___ Data for analysis
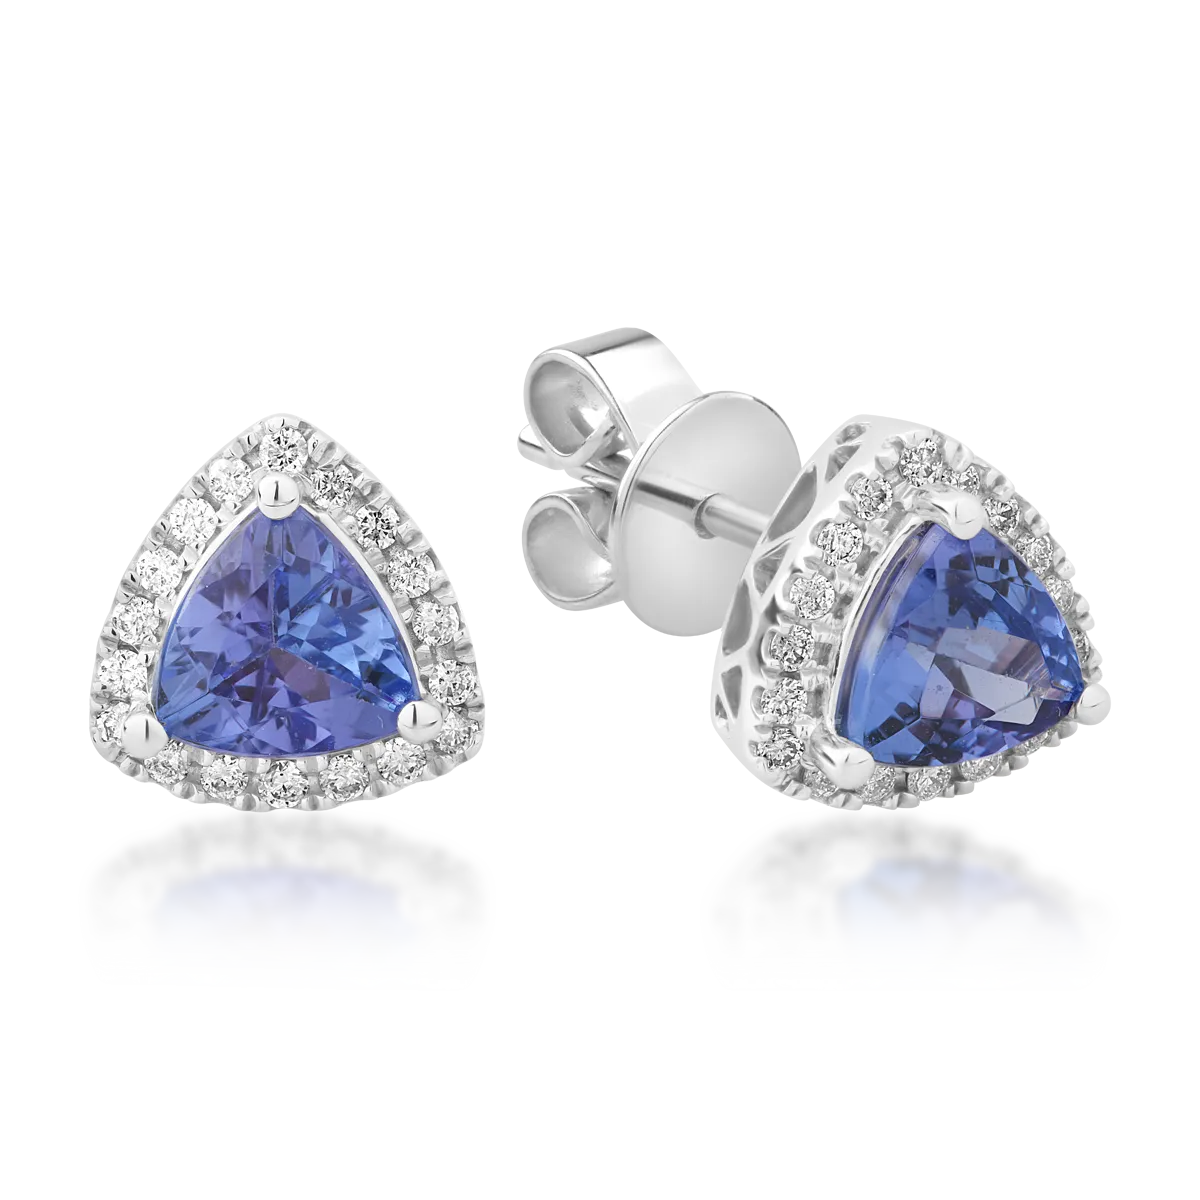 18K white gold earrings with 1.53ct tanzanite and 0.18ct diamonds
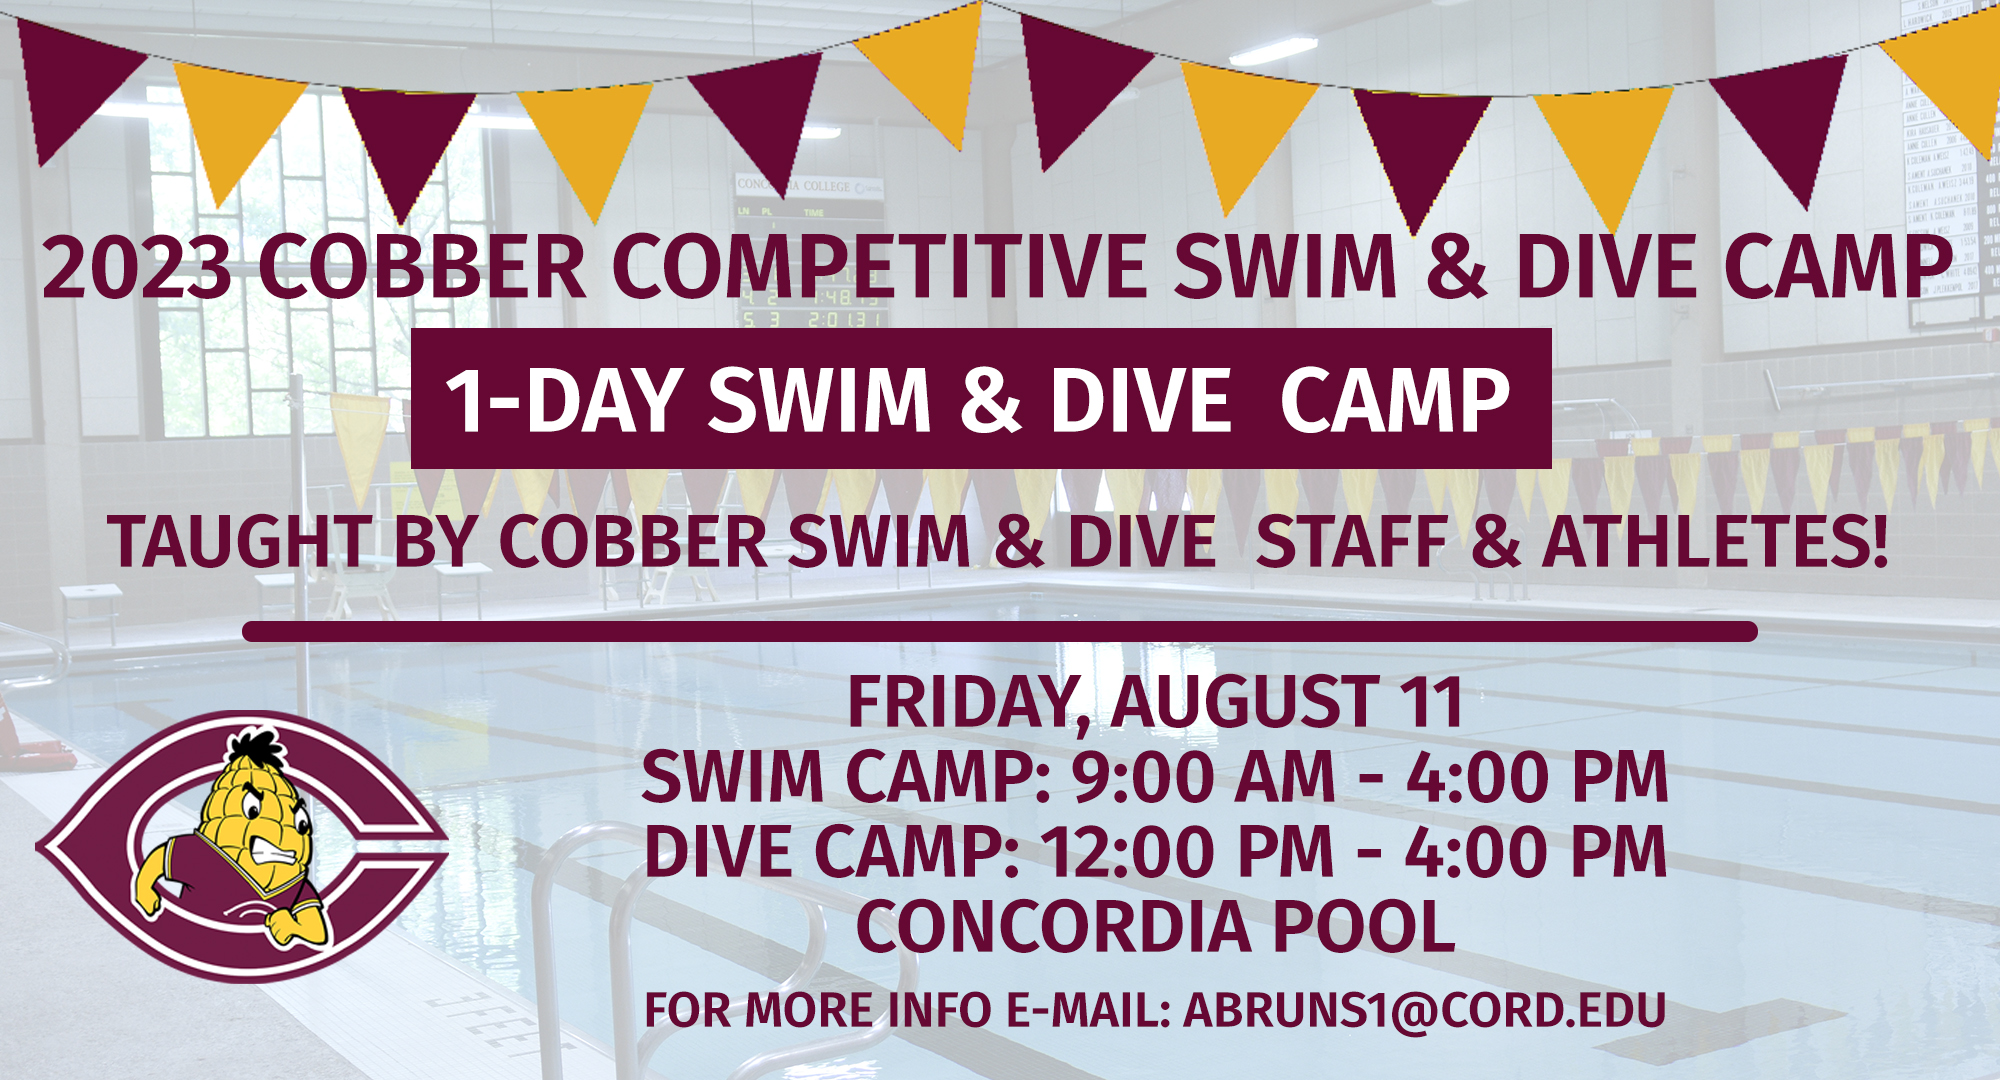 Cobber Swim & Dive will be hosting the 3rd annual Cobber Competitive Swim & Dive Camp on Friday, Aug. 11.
______
___ Data for analysis
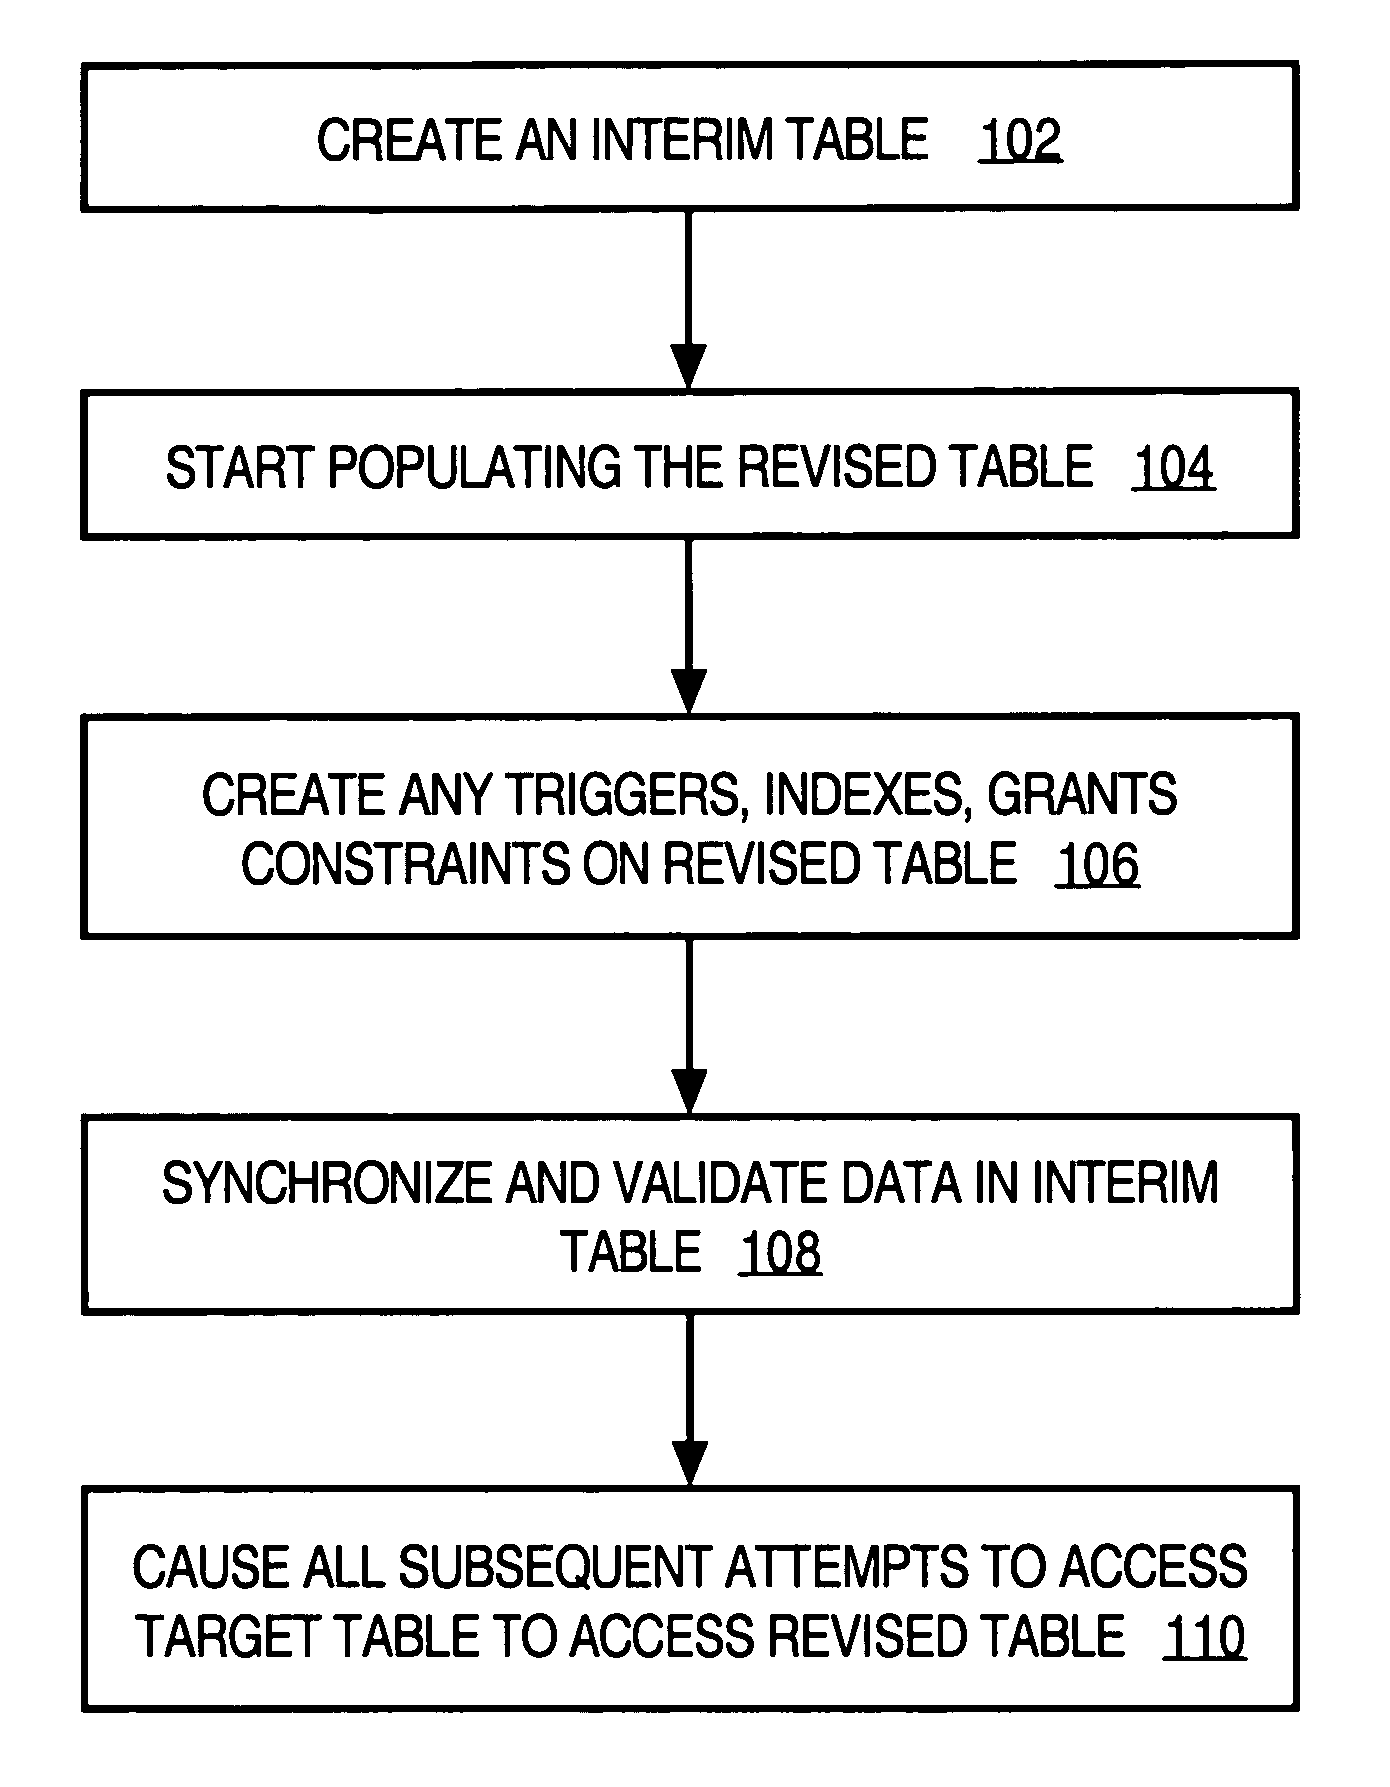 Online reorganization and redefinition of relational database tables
______
*Task brief*: Both the line above containing "18K white gold" and the line containing "Cobber Swim &" belong in the copy, along with every line between them; print these exactly and omit the pictures.

*Output for this exercise*:
 18K white gold earrings with 1.53ct tanzanite and 0.18ct diamonds
 Cobber Swim & Dive will be hosting the 3rd annual Cobber Competitive Swim & Dive Camp on Friday, Aug. 11.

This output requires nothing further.